Task brief
From start to end, write out the following data exactly, apart from its images.

Recorded data

◇ ◇ ◇ ◇

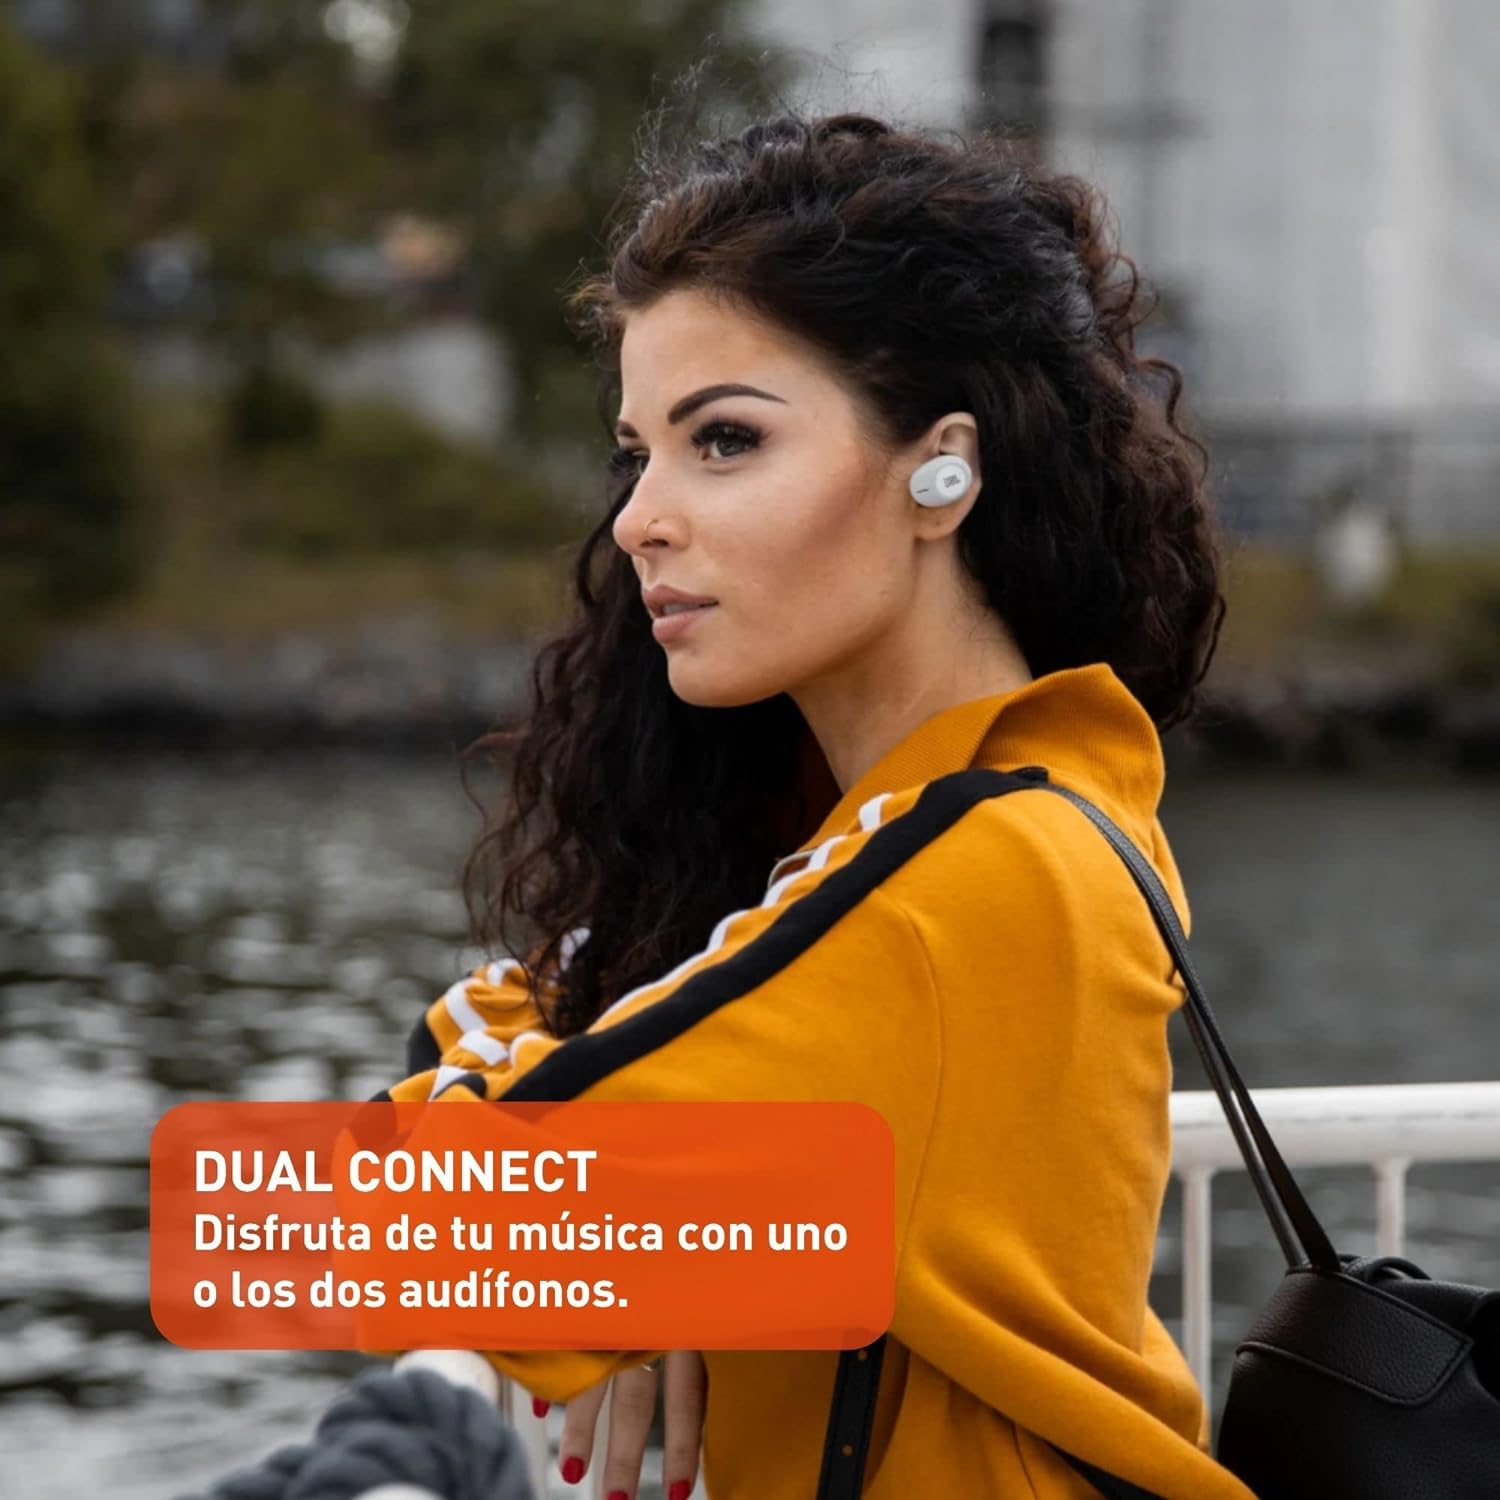 JBL Tune 125TWS True Wireless In-Ear Headphones - Pure Bass Sound, 32H Battery, Bluetooth, Fast Pair, Comfortable, Wireless Calls, Music, Native Voice Assistant (Black), Small
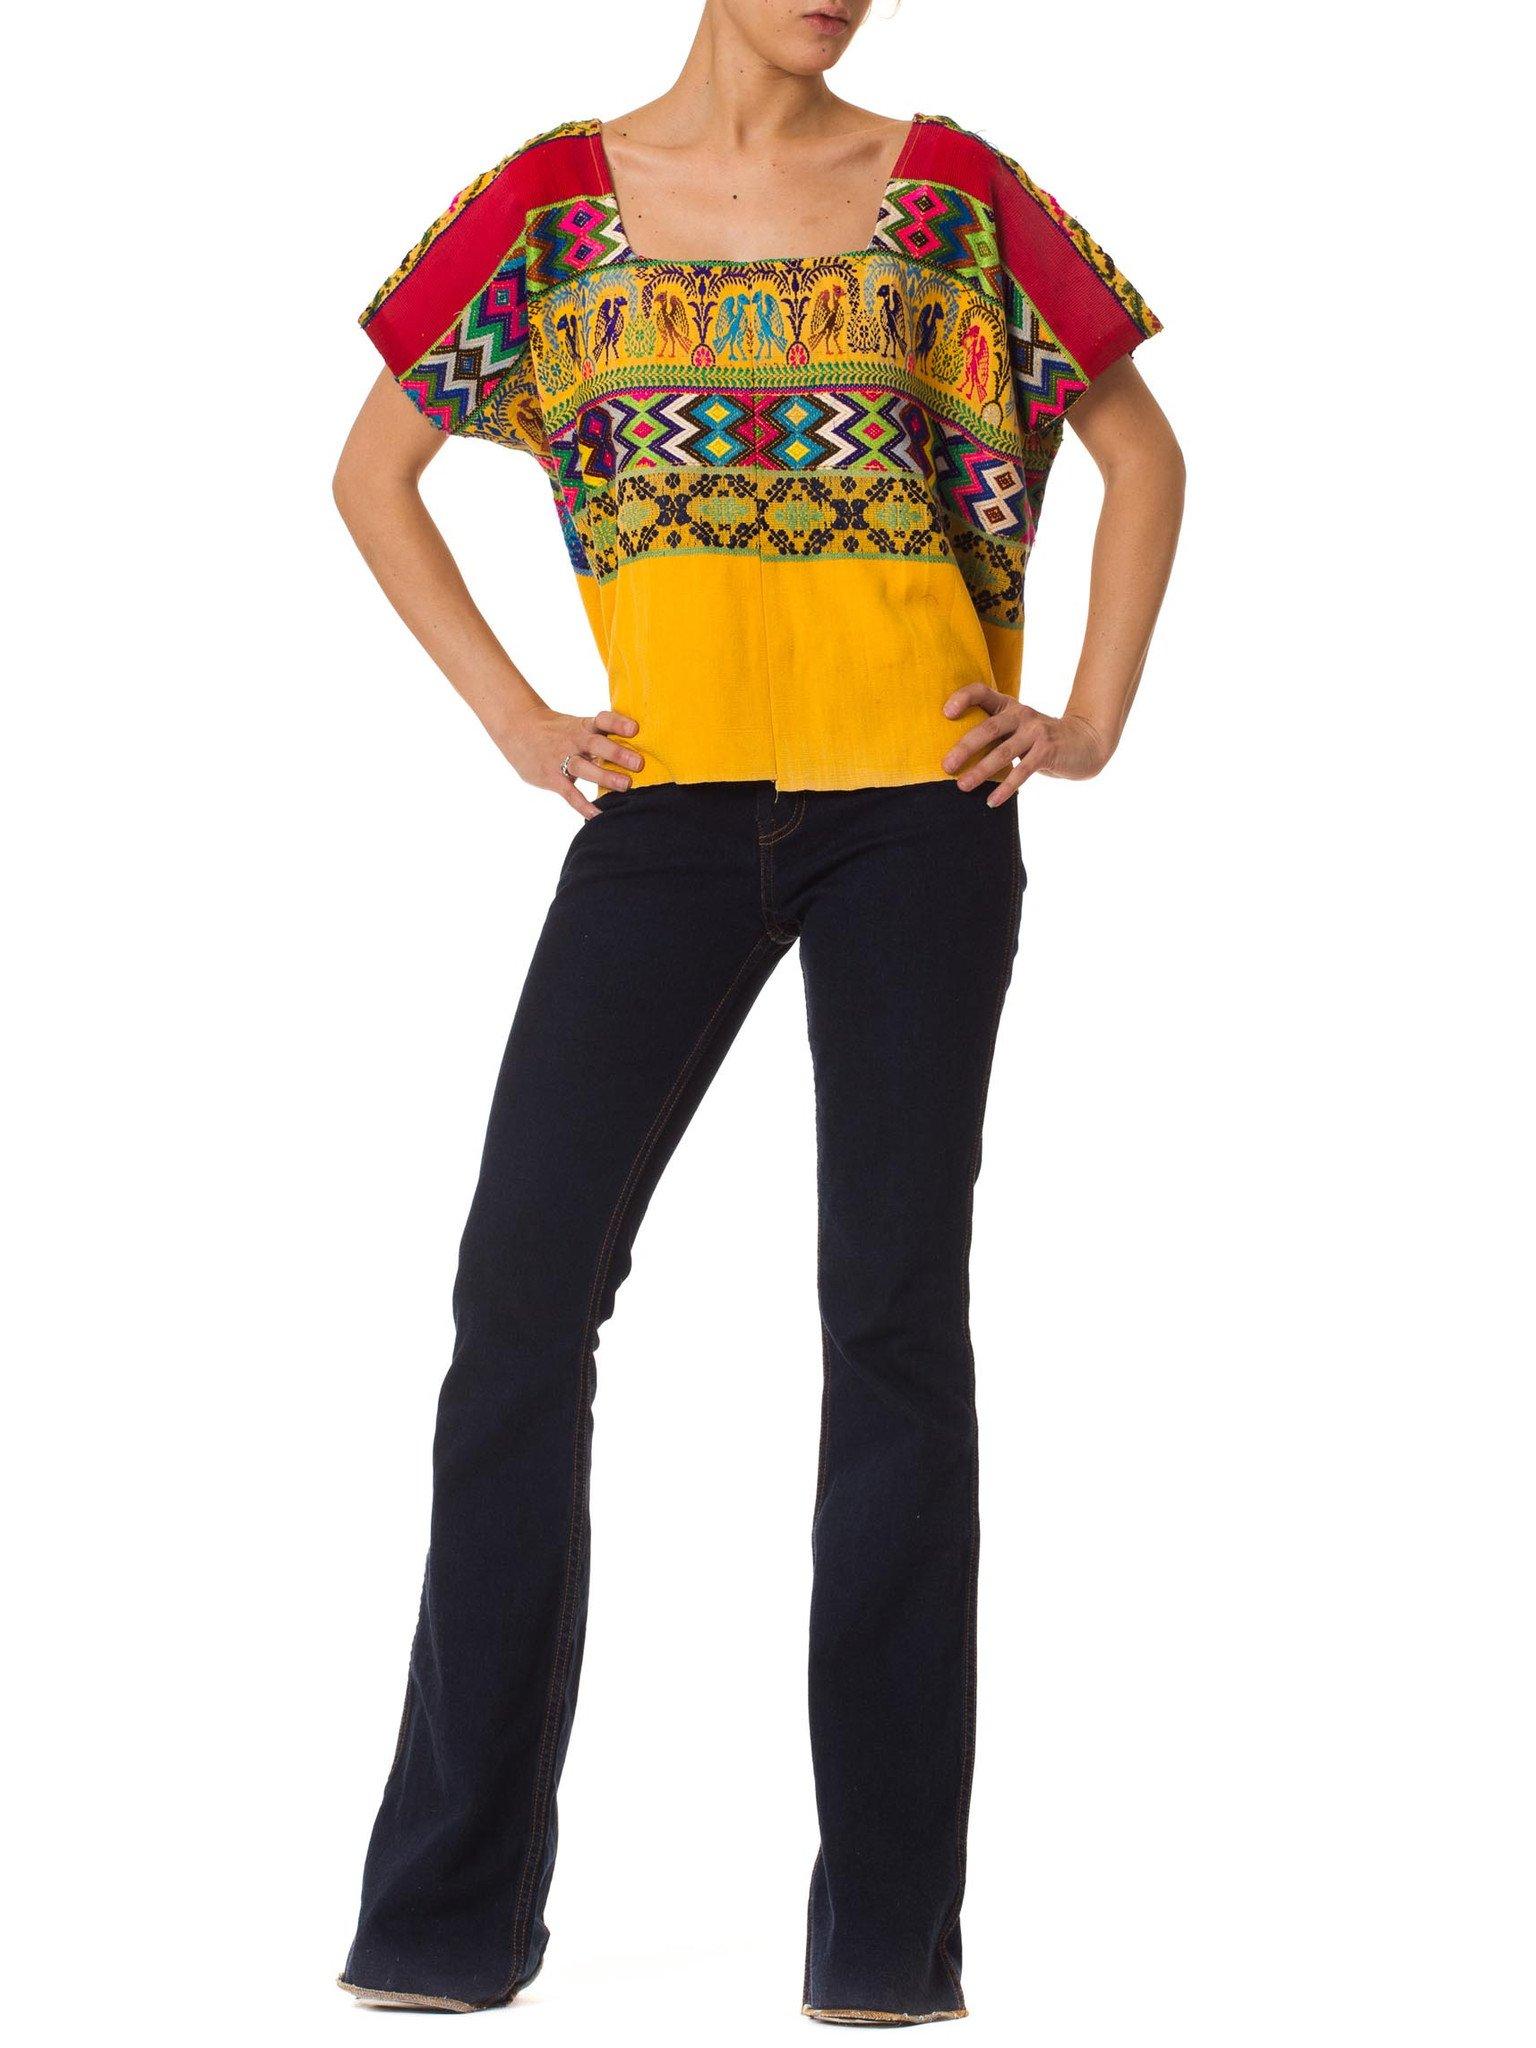 1970S Red & Yellow Cotton Top With Geometric Ethnic Hand Embroidery For Sale 1
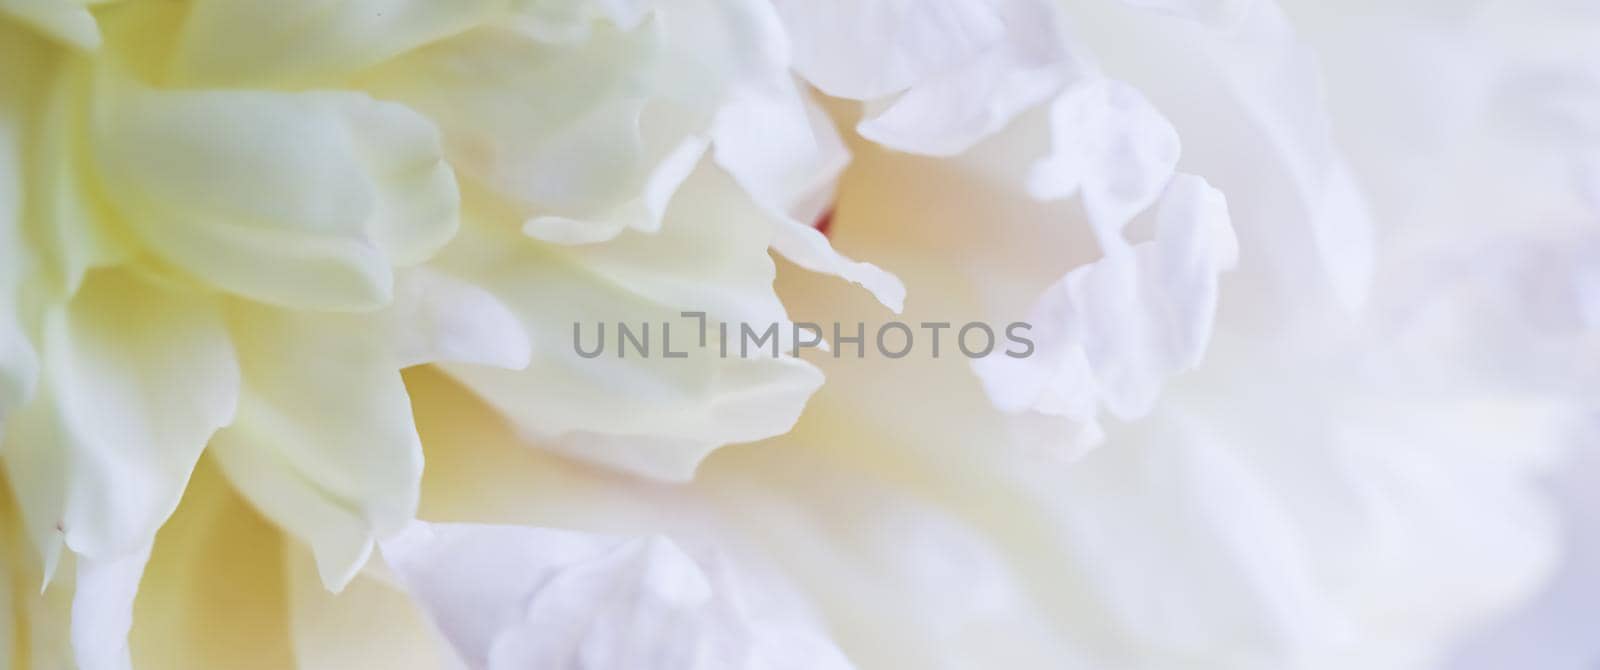 Botanical concept, invitation card - Soft focus, abstract floral background, white peony flower petals. Macro flowers backdrop for holiday brand design
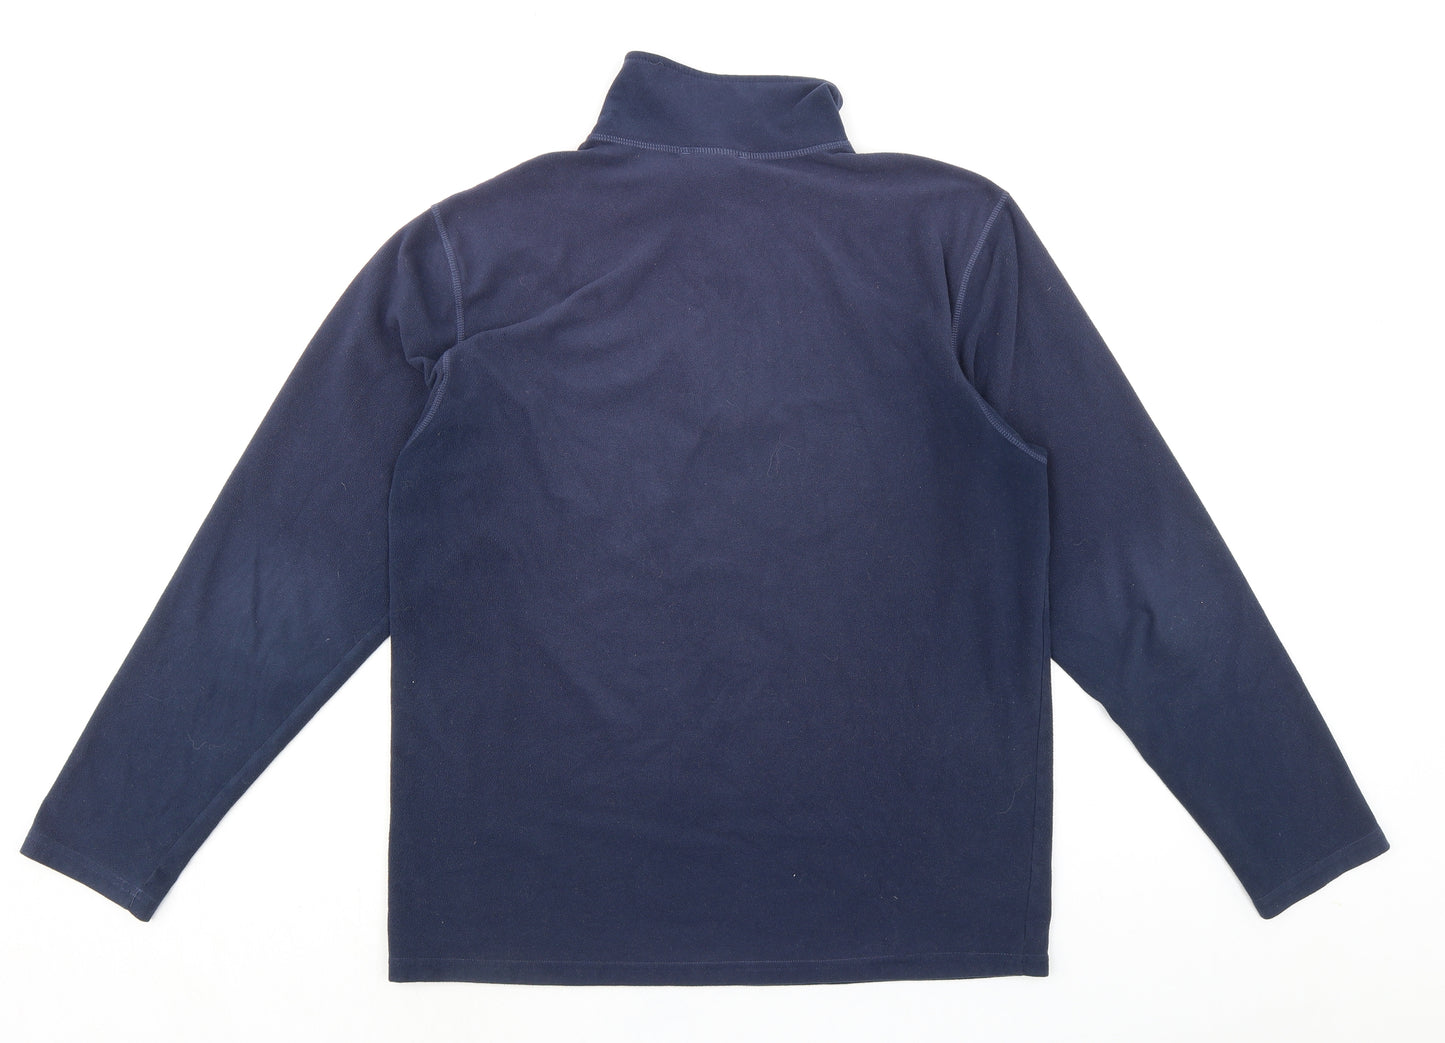 The North Face Mens Blue Polyester Pullover Sweatshirt Size M - 1/4 Zip

◇ ◇ ◇ ◇

Response to the task
 JBL Tune 125TWS True Wireless In-Ear Headphones - Pure Bass Sound, 32H Battery, Bluetooth, Fast Pair, Comfortable, Wireless Calls, Music, Native Voice Assistant (Black), Small
 1970S Red & Yellow Cotton Top With Geometric Ethnic Hand Embroidery For Sale 1
 Botanical concept, invitation card - Soft focus, abstract floral background, white peony flower petals. Macro flowers backdrop for holiday brand design
 The North Face Mens Blue Polyester Pullover Sweatshirt Size M - 1/4 Zip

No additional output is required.